И вот в очередное мучительное утро Маша поняла, что никому ничего говорить не надо. То, что ее так изводило, то, чего она боялась — подойти к ожидающей на платформе Алисе, посмотреть ей в глаза и сказать — все это можно решить по-другому. Не надо будет стоять и выслушивать ответ. Достаточно написать и передать письмо. Приехать за час до той электрички, которую приходит встречать Алиса, сунуть в руку записку и уйти. И даже не уйти, а дождаться Олега и наконец увидеть его счастливое лицо.
Письмо составлялось сложно. Хотелось подобрать самые простые и доходчивые слова, чтобы не оставалось лазейки, чтобы все сразу было понятно.
“Алиса!”
Этим именем Маша исписала с десяток страниц, больше, чем в свое время она заполнила словом “Олег”.
Страдать из-за любви полезно, со страданиями взрослеешь — так сказал папа. Если полезно Маше, значит, полезно и Алисе. В то, что соперница кинется под поезд или побежит топиться в луже, Маша не верила.
Пришлось остановиться на двадцать пятом варианте записки, потому что выдумывать что-то еще сил не было. Эх, Юлька, Юлька, вот когда ты была так нужна! Мазурова всегда хорошо писала. Она-то быстренько придумала бы подходящий текст. Справившись сама, Маша немного гордилась собой. Какая она — умница.
Безликий конверт.
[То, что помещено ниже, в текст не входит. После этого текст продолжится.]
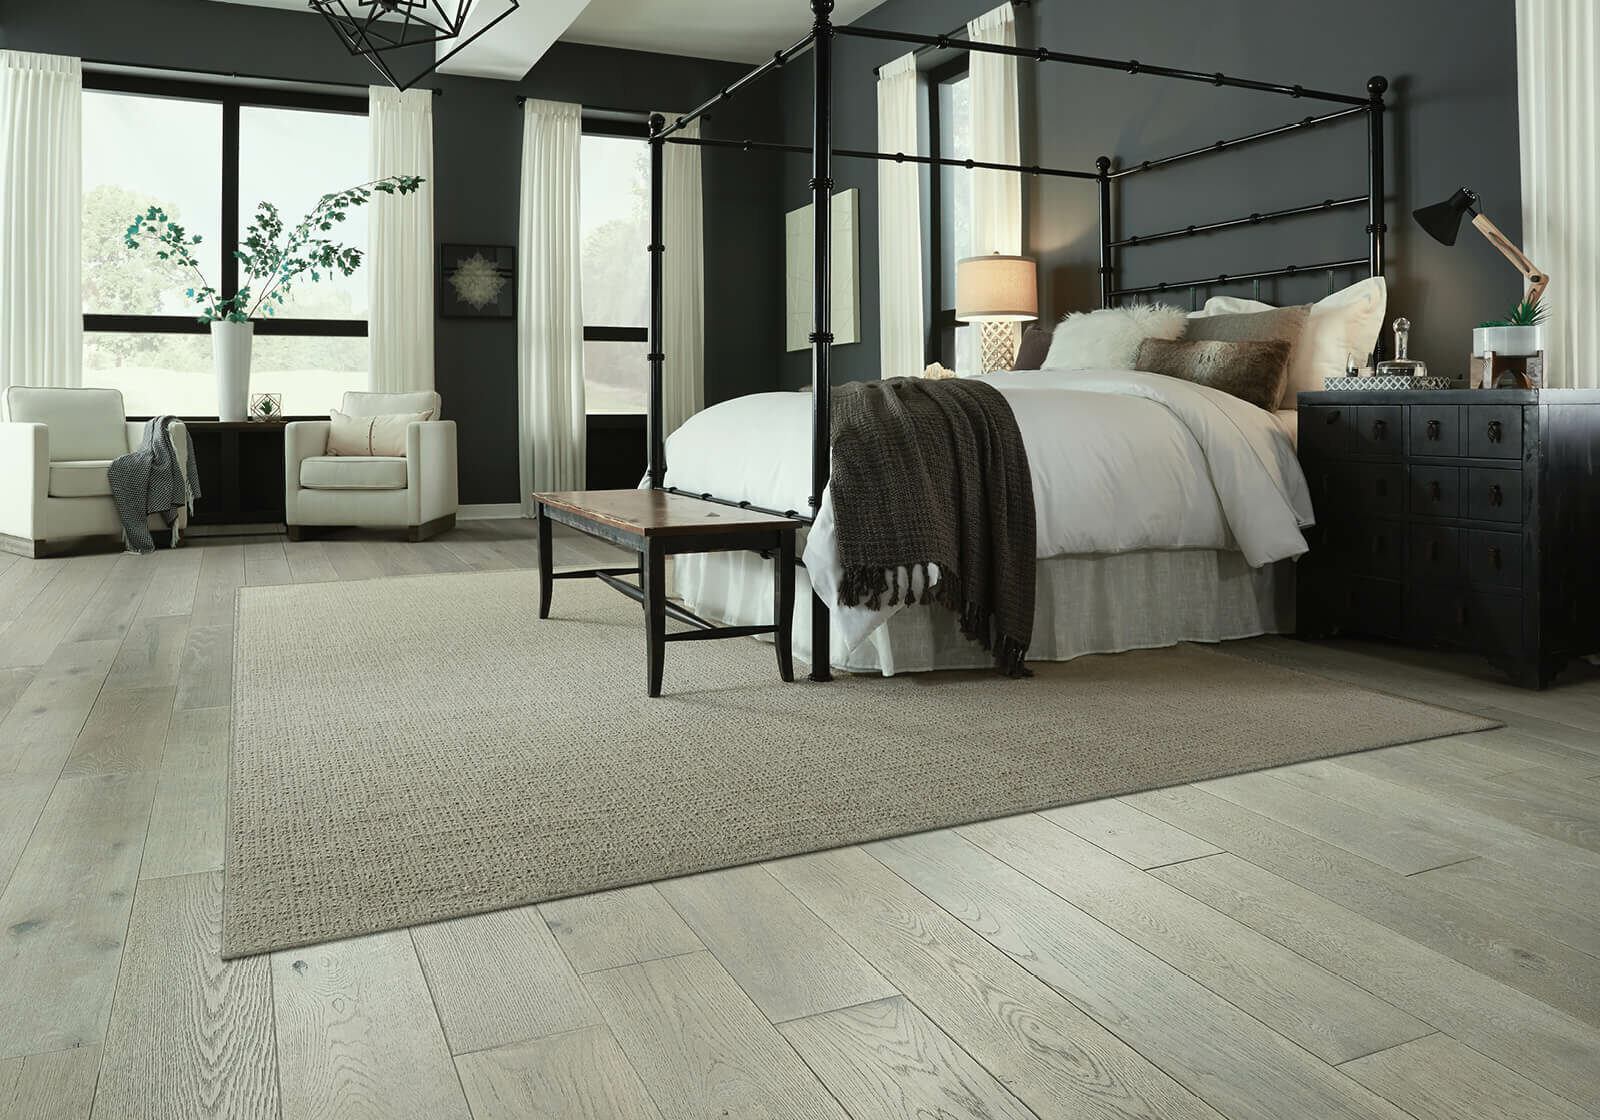 Spacious bedroom flooring | The L&L Company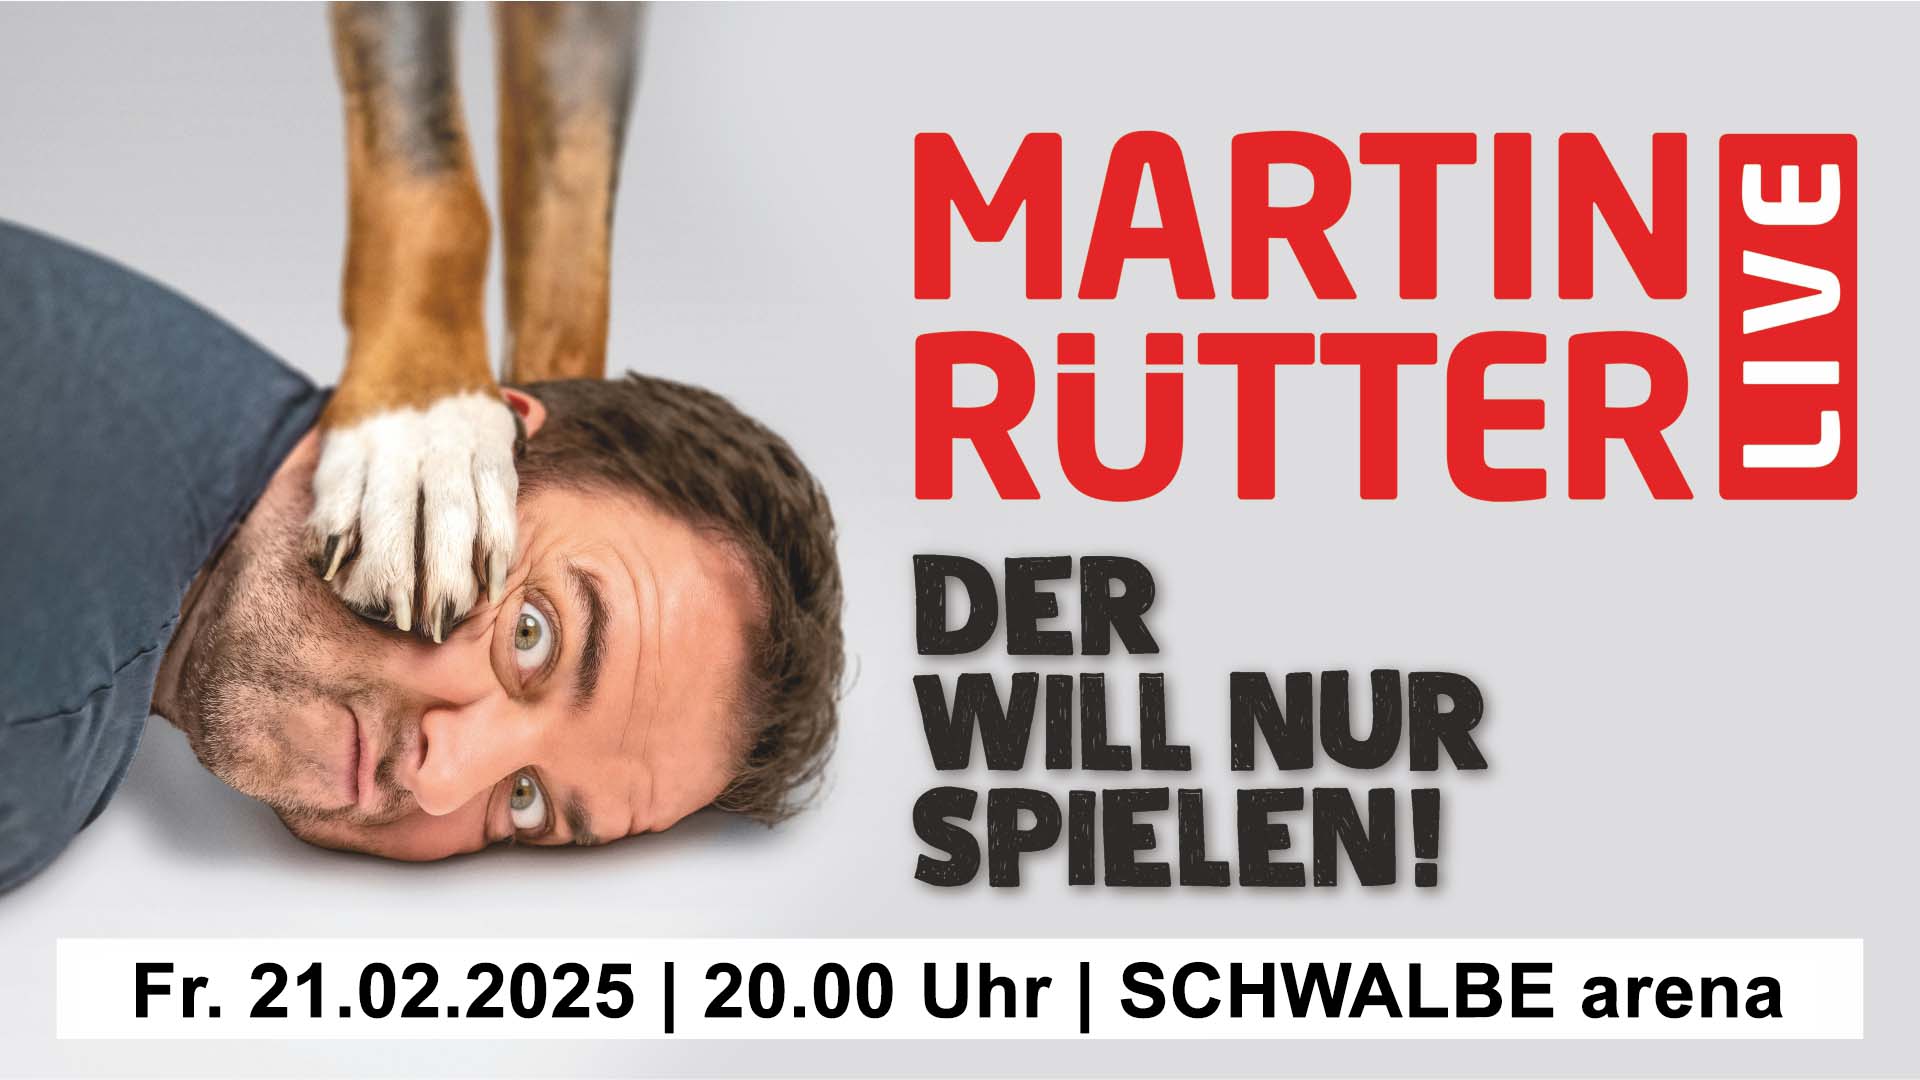 SCHWALBE arena | MARTIN RÜTTER - Der will nur spielen! - ZUSATZTERMIN

По диагонали печатными буквами вывела “АЛИСА”. Билет на электричку туда и обратно. Перед этим созвонилась с Олегом, узнала, когда собирается домой. Хорошо, что так хорошо работает железнодорожный транспорт, электрички в нужную сторону — каждый час.
Снег на платформе нестерпимо резал глаза, но Маша упорно смотрела на него, а он все падал и падал, заполняя собой весь мир. Алиса не шла. Так и тянуло позвонить Олегу, уточнить время, когда он приедет, когда явятся его встречать. Но могут возникнуть вопросы. А они ей были ни к чему. Малейшее сомнение, и Маша впрыгивает в первую же электричку и уезжает домой. Поэтому надо держаться выбранного решения, твердо стоять на своем.
Алиса появилась на платформе черным пятном. Собака бежала впереди, тяжело выбрасывая из снега лапы. Маша силой заставила себя сдвинуться с места и пойти навстречу. Письмо сжала в кулаке, рука в кармане. О том, что собака как-то странно на нее смотрит, поняла не сразу. Овчарка навострила уши, замерла, пружиняще подобрав задние лапы.
— Ну, чего ты? — хрипло спросила Алиса пса. Потянула за поводок. — Рядом!
Зверь коротко рыкнул. Маша остановилась. Но собака уже мчалась на нее. Три широких прыжка. Тяжелые лапы ткнулись в грудь. Кожаная куртка легко порвалась. Треск ткани — последнее, что услышала Маша. Снег оказался никаким не мягким, а очень жестким. Она упала, ударившись затылком. Взметнувшийся капюшон смягчил удар.
— Флор! — Голос у Алисы резкий и равнодушный. — Назад! Нельзя!
Маша лежала на земле, пытаясь понять, что произошло, почему вокруг снег, почему ей холодно. Но потом стало больно, и остальные вопросы пропали.
— Ты жива?
— Нога!
Эта мохнатая тушка здорово расцарапала ей бедро, даже джинсы ухитрилась располосовать.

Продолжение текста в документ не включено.